§ **Assignment**: I'd like the data below restated word for word, with the pictures left out.

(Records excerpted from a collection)
==*==

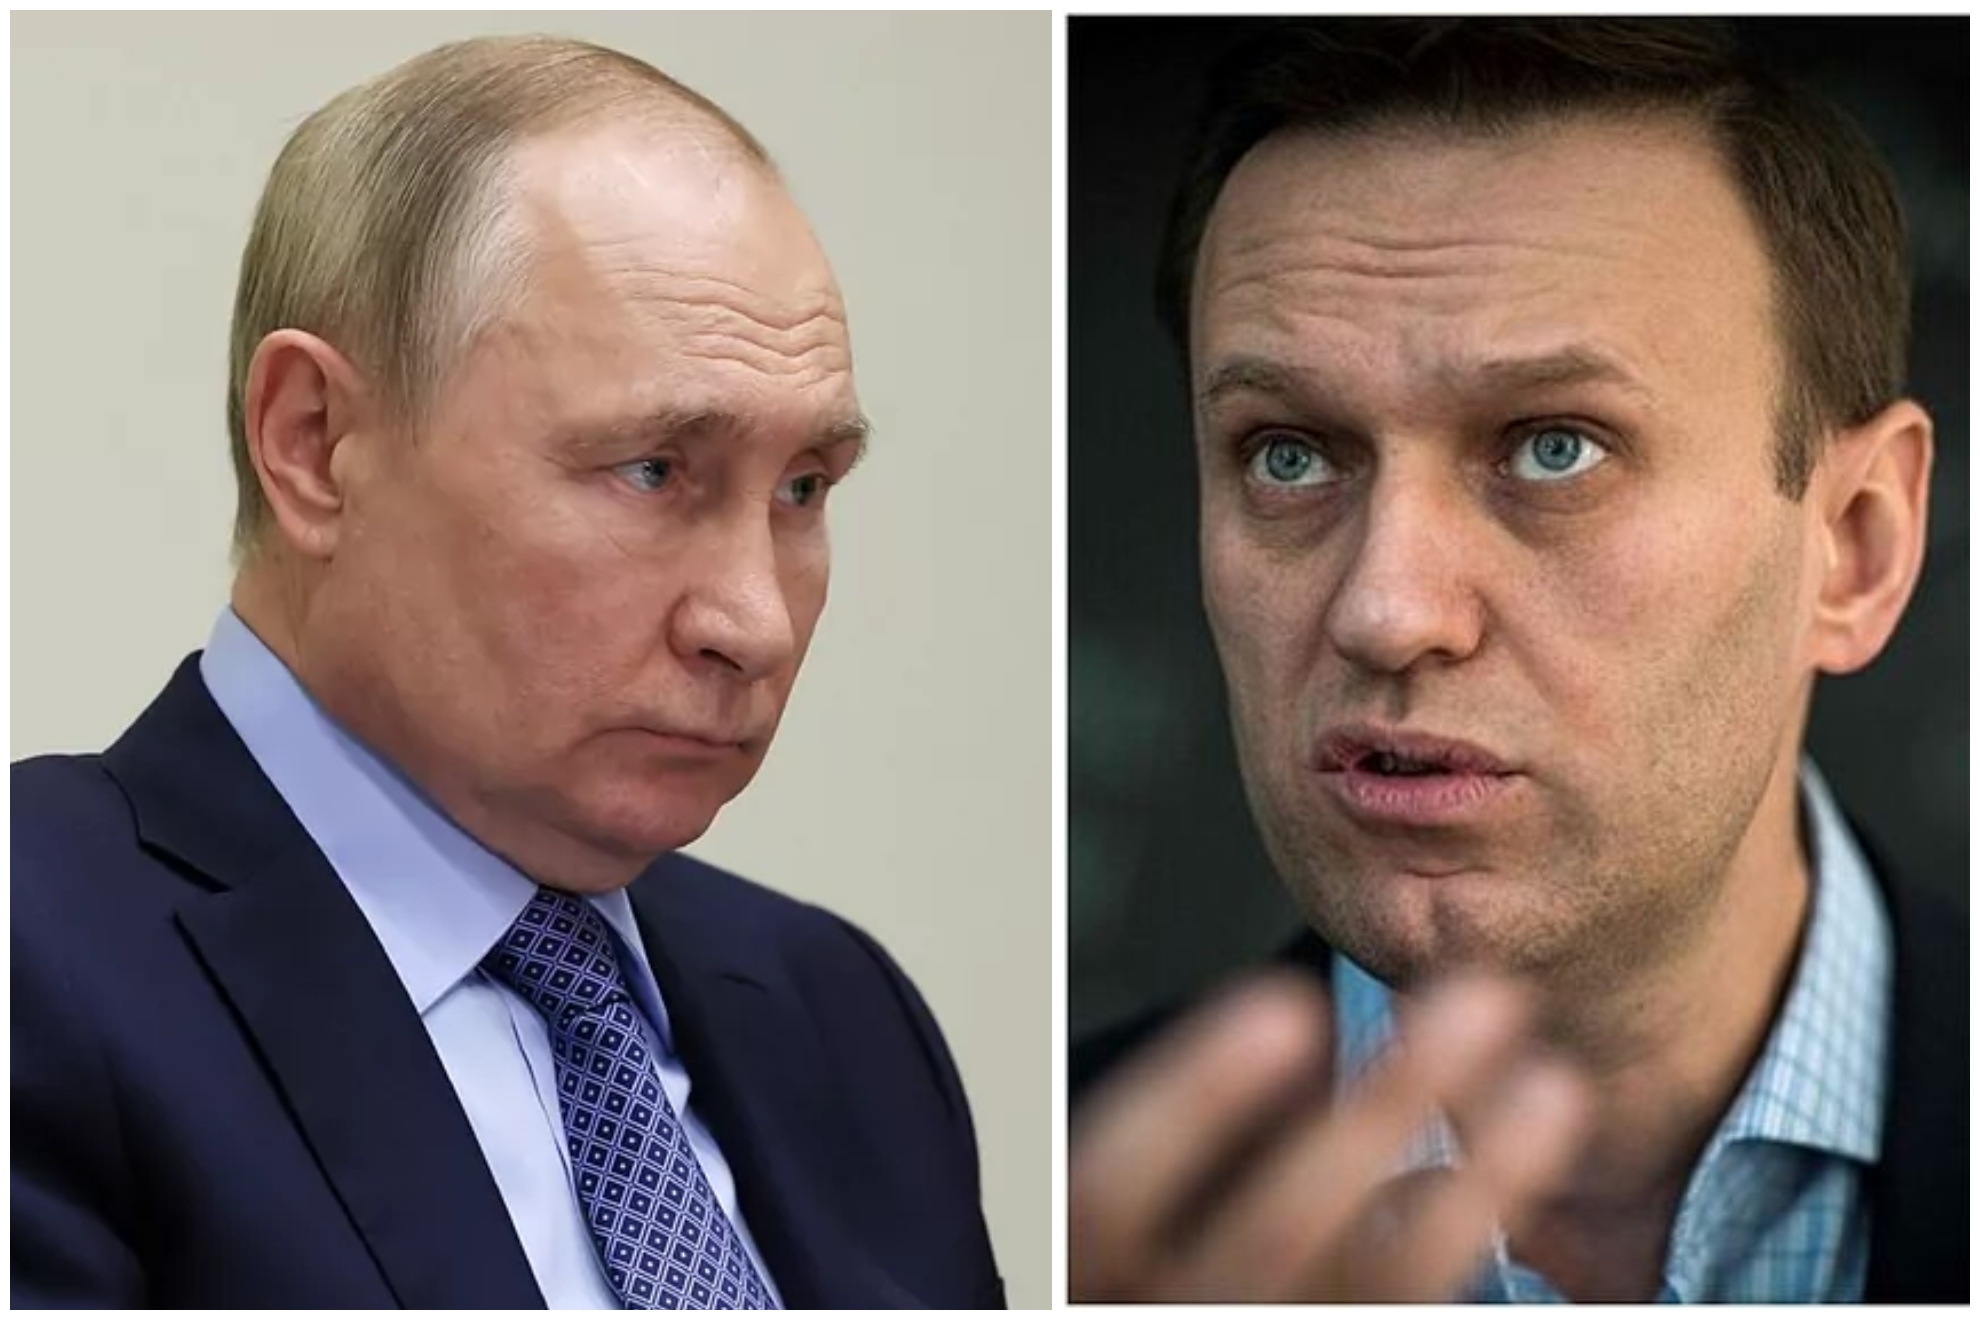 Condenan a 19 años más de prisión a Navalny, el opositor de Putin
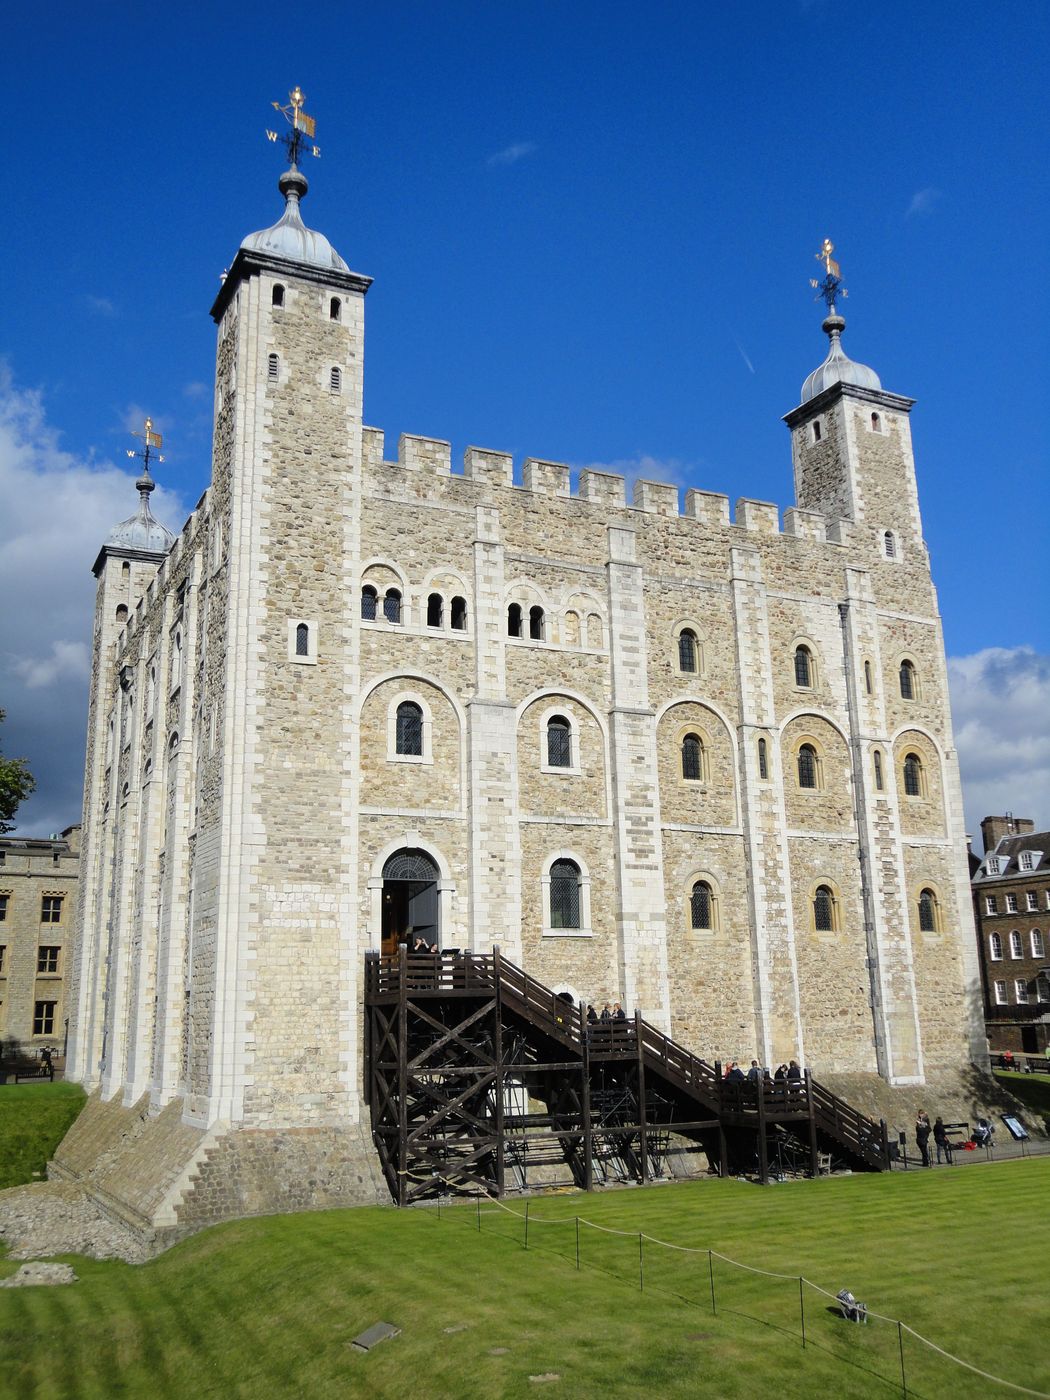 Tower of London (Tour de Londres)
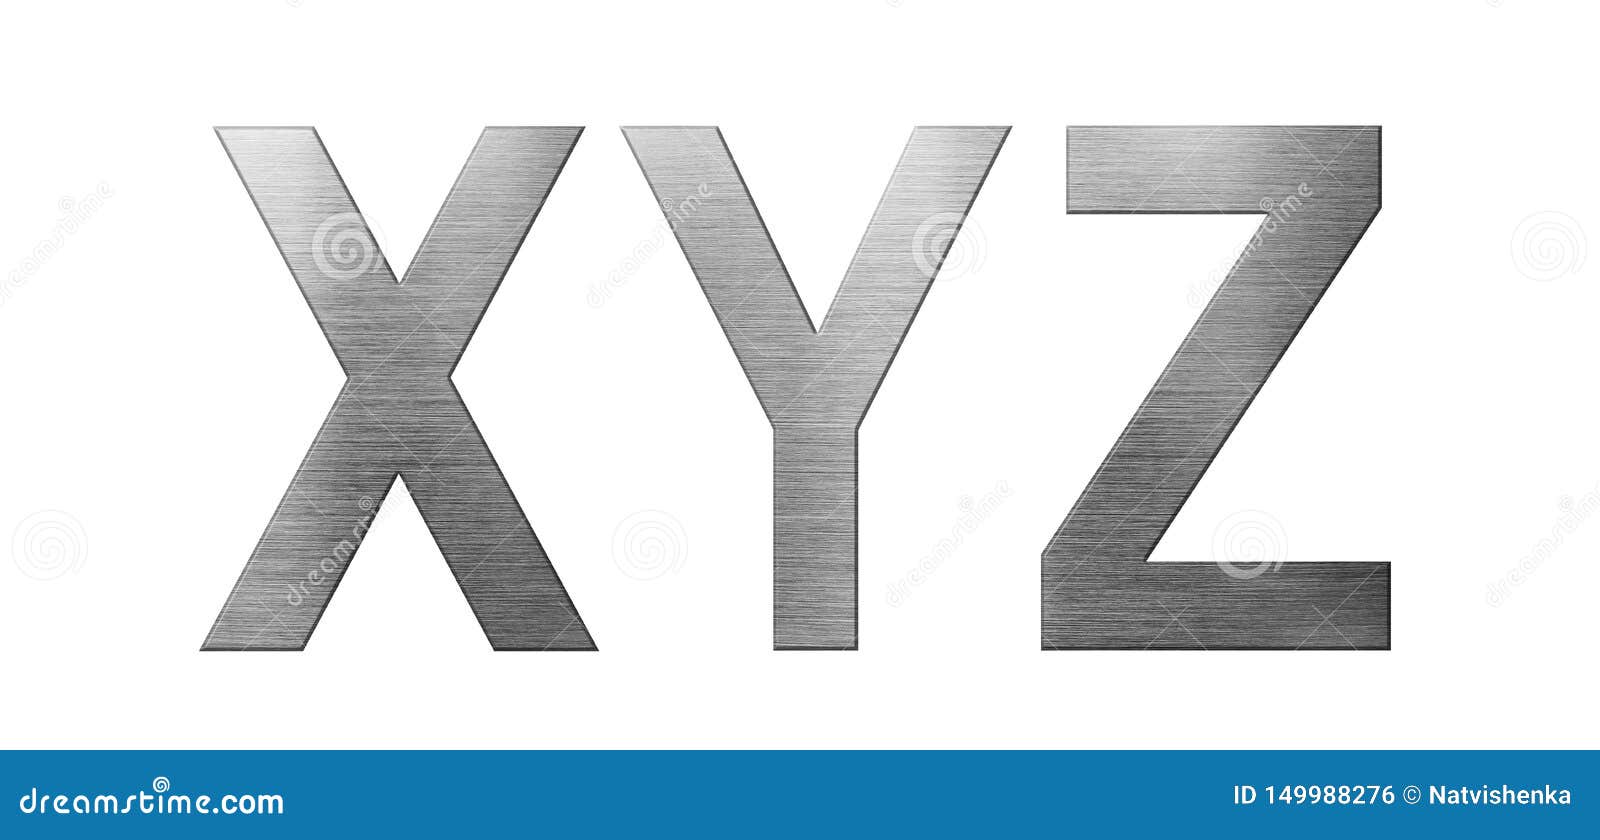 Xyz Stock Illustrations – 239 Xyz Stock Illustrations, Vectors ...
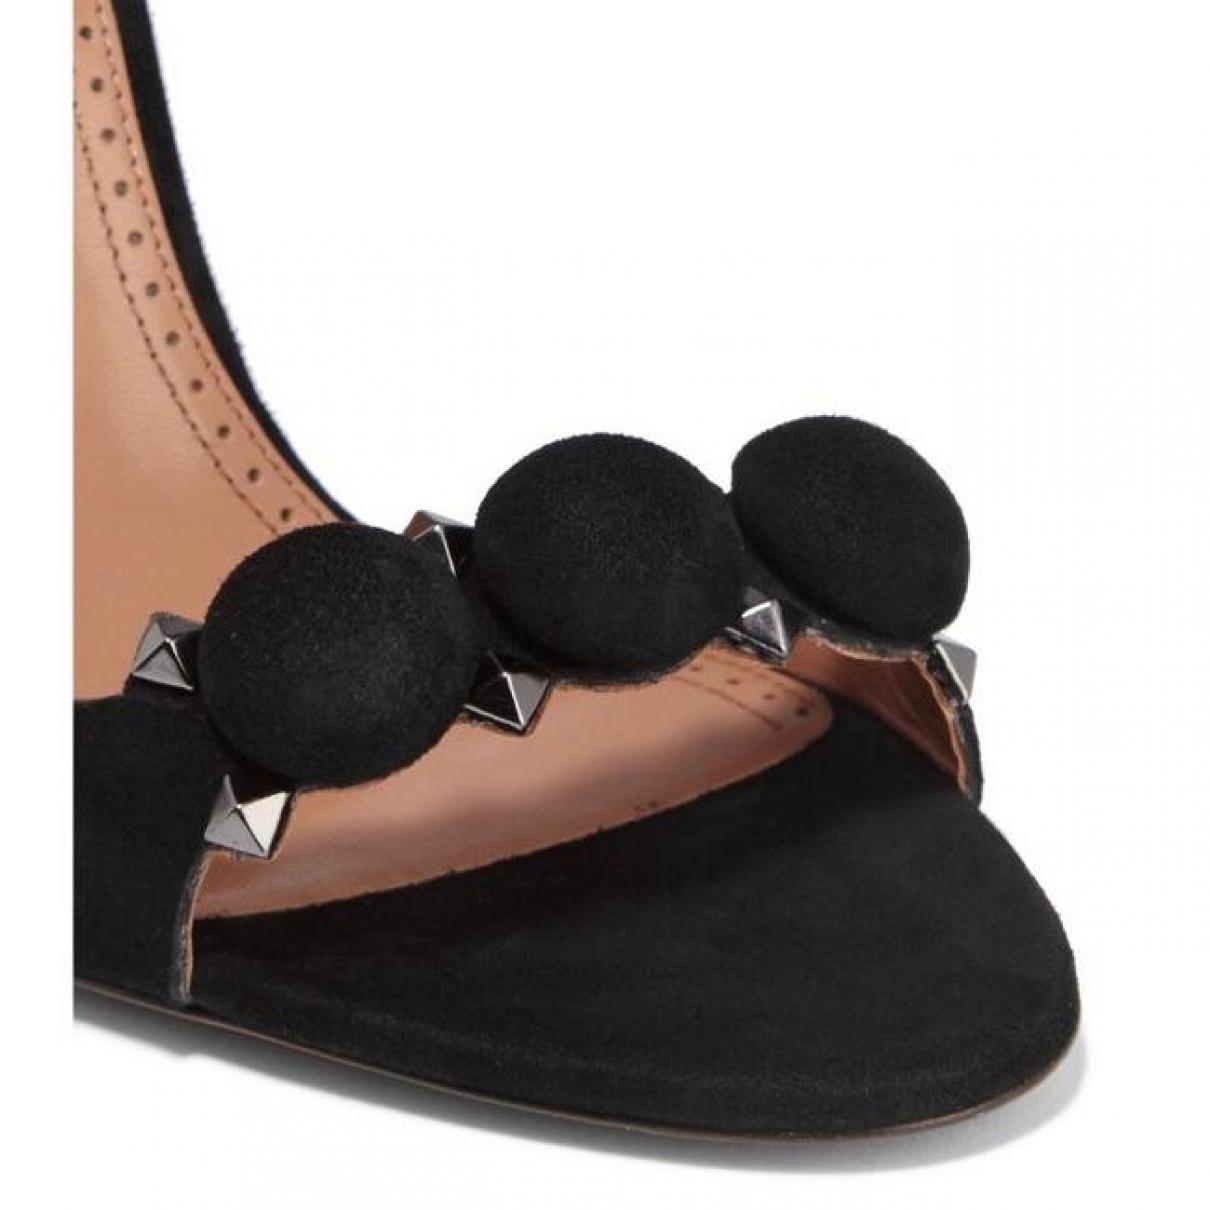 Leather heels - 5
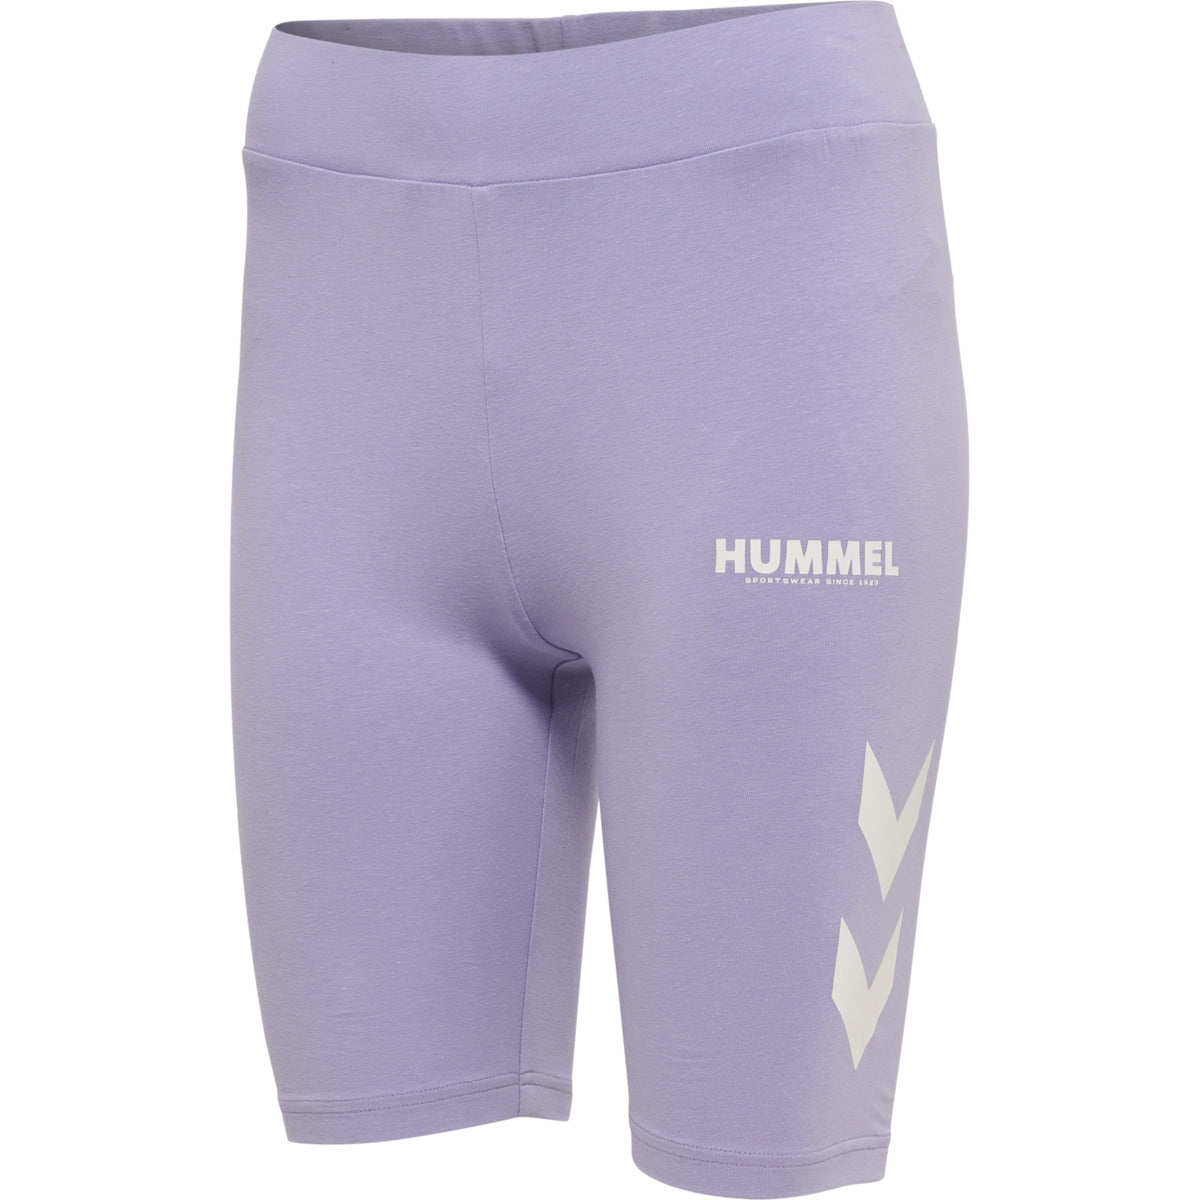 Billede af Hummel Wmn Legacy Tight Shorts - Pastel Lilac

==*==

§ **Result below**:
 Condenan a 19 años más de prisión a Navalny, el opositor de Putin
 Tower of London (Tour de Londres)
 Xyz Stock Illustrations – 239 Xyz Stock Illustrations, Vectors ...
 Leather heels - 5
 Billede af Hummel Wmn Legacy Tight Shorts - Pastel Lilac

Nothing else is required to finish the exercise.